Но досказать не дал Зимин.

Толкнул Чистова в бок и шепнул: «Пусть врет. Его не переубедишь и не докажешь».

– Димитриевич, ночевать будем здесь или пойдем в поселок?

Каблуков твердо ответил:

– Пару часов посидим у костра, провожу вас в зимницу на Хвостяниху. Я с Бобом спать буду здесь. Лесуновские жулики запросто снимут и украдут сети. Анатоль мне не верит, смеется надо мной. Если будете слушать, я вам расскажу про себя один неприятный эпизод.

Не спрашивая согласия, начал:

– Это было в 1933 году. Для меня – как вчера. В праздник Рождества Христова я с мужиками из нашего села сутками без отдыха играл в карты. В то время мне было семнадцать лет. Родителей у меня не было. Воспитывался я у тетки, сестры отца. В селе у меня был еще дядя, такой же картежник, как и я. Я его частенько обыгрывал, за это он на меня злился. Тетка, звали ее Анна, очень меня любила, больше своих детей, сына и дочери. Ей соседи предлагали отдать меня в детдом, но она не хотела никого слушать.
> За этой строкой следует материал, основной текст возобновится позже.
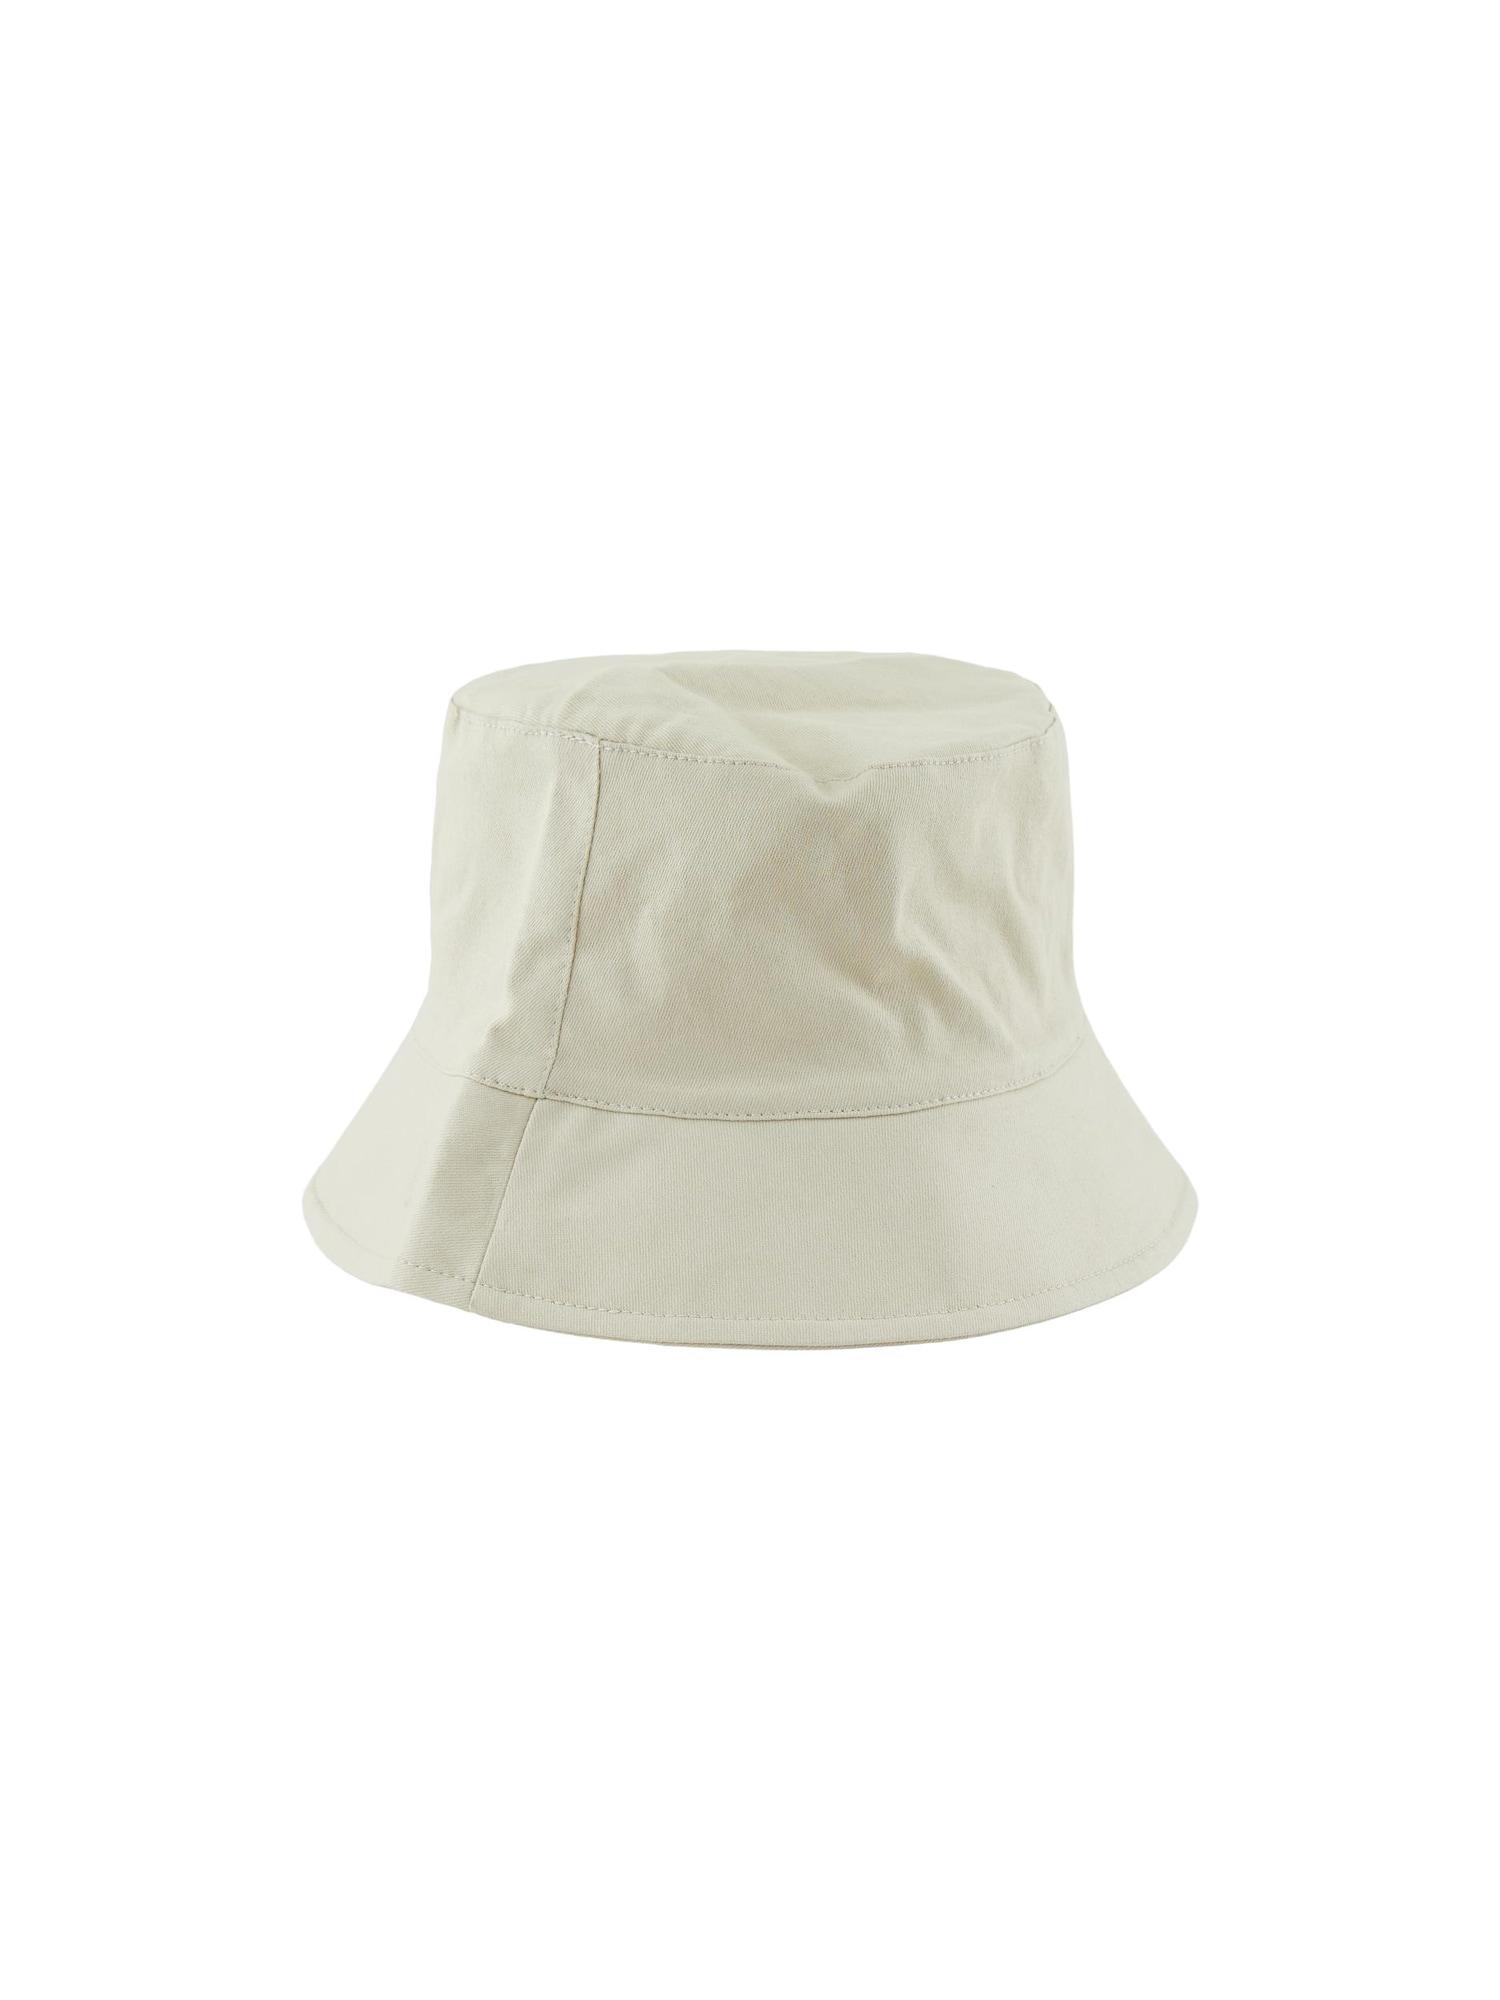 PIECES Skrybėlaitė balta

За игральным столом в одной избе я без отдыха просидел четверо суток, обыграл всех. Везло мне здорово. Один мужик мне проиграл быка и лошадь. Игру прекратили. Выигранного быка и лошадь я собирался перевезти тетке на двор. Вышел из-за стола, упал и умер. Мужик этот, ясное дело, обрадовался моей скоропостижной кончине. За свой счет он соорудил для меня отличный гроб, обшил его не то плюшем, не то бархатом. Чего не видел, того не видел. «Вот здорово повезло, – думал он. – Легко отделался», – и зарекся на всю жизнь не играть в карты.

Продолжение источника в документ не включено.